Work to complete:
Emit a verbatim copy of the lines below from the line with "Enormous mural on" through the line with "Cubs Wallpapers Group (61+)", excluding pictures and everything outside that range.

Data provided:
- - -

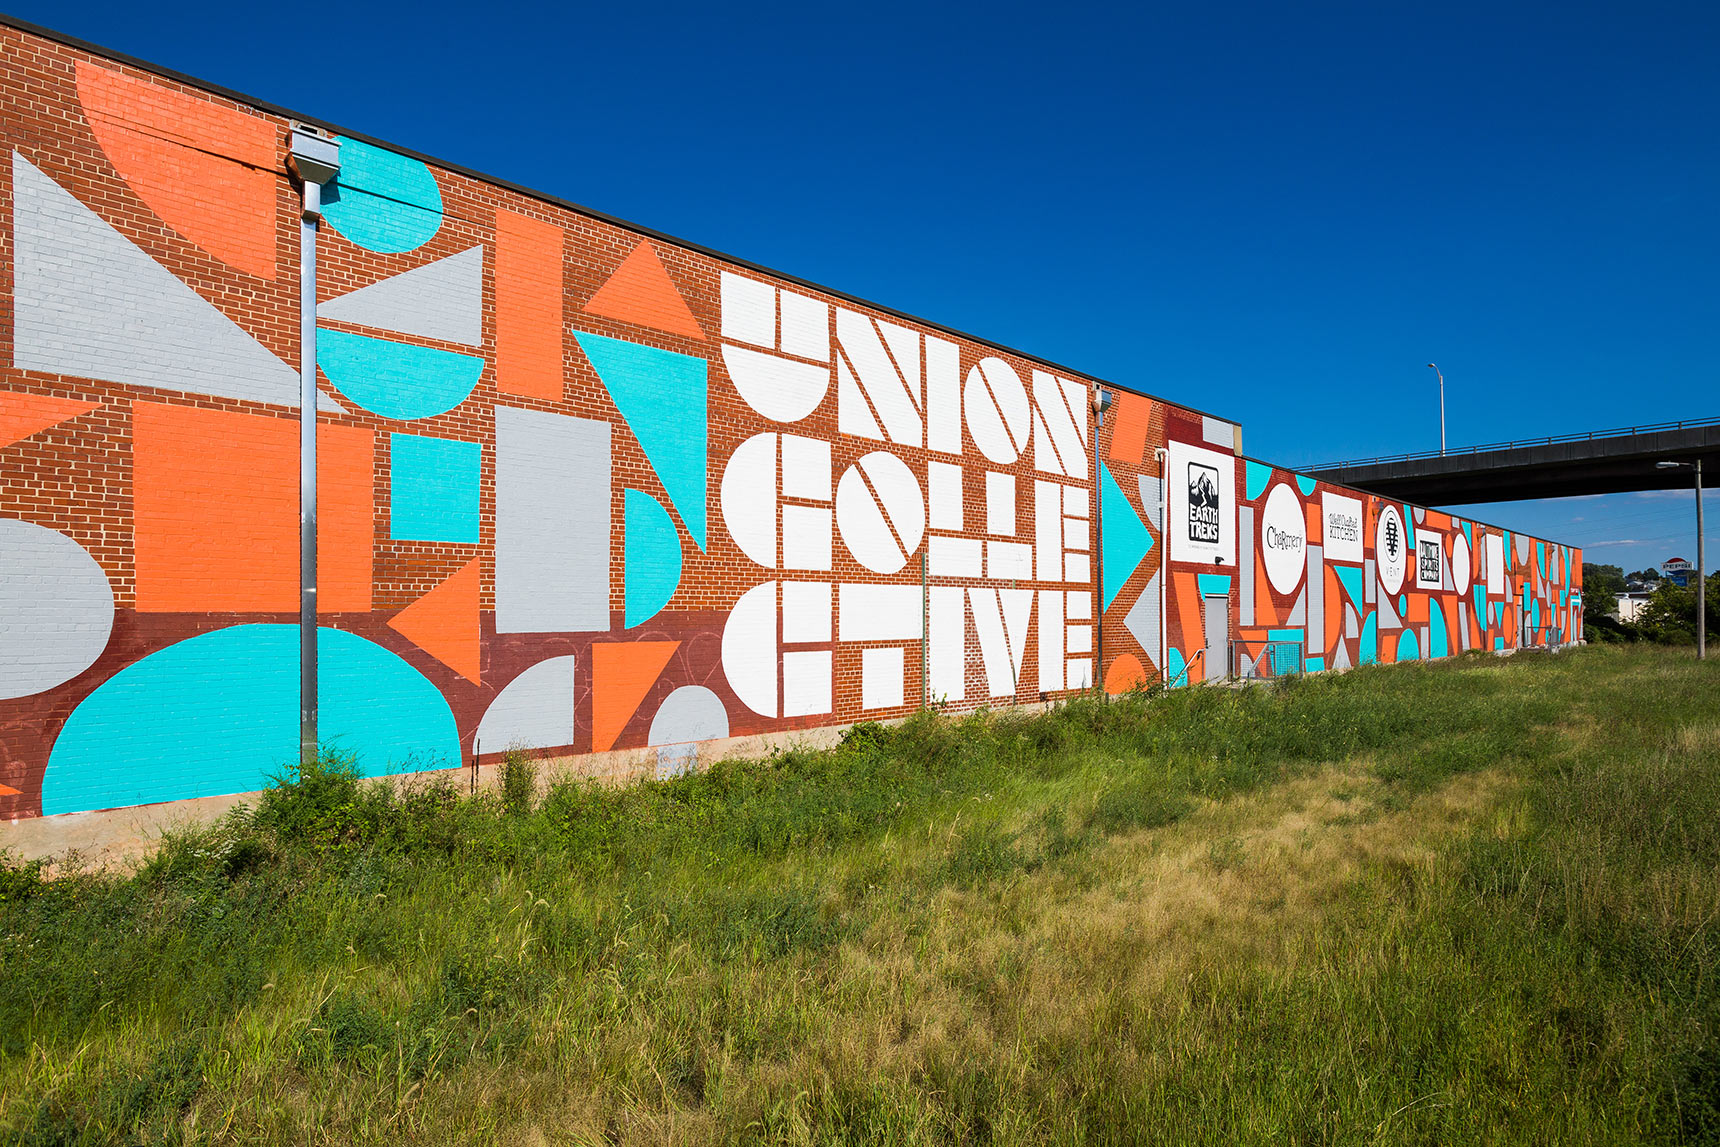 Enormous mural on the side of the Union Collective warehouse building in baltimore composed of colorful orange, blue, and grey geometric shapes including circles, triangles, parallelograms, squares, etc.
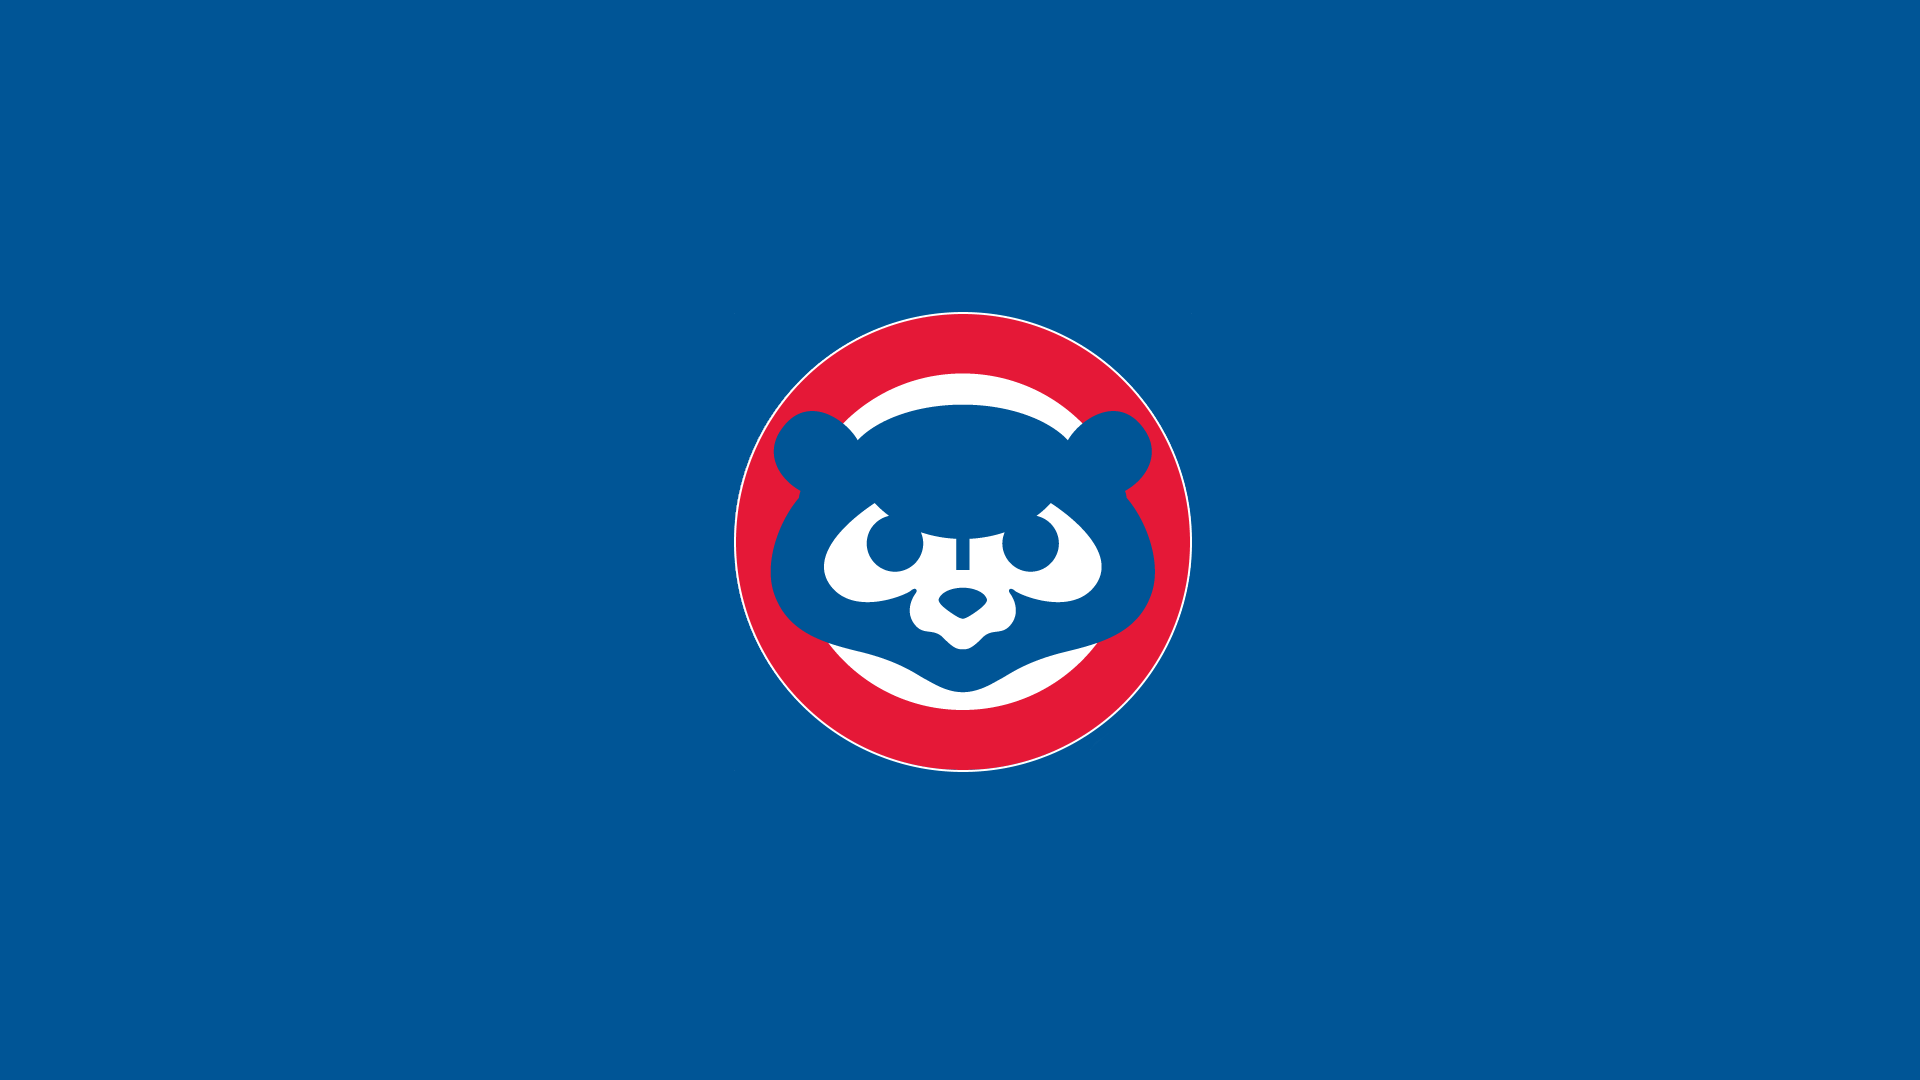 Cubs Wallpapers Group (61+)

- - -

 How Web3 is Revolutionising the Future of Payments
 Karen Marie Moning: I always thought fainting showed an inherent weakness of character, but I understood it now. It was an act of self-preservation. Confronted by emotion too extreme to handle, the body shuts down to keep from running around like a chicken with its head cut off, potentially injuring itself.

- - -

Answer section:
 Enormous mural on the side of the Union Collective warehouse building in baltimore composed of colorful orange, blue, and grey geometric shapes including circles, triangles, parallelograms, squares, etc.
 Cubs Wallpapers Group (61+)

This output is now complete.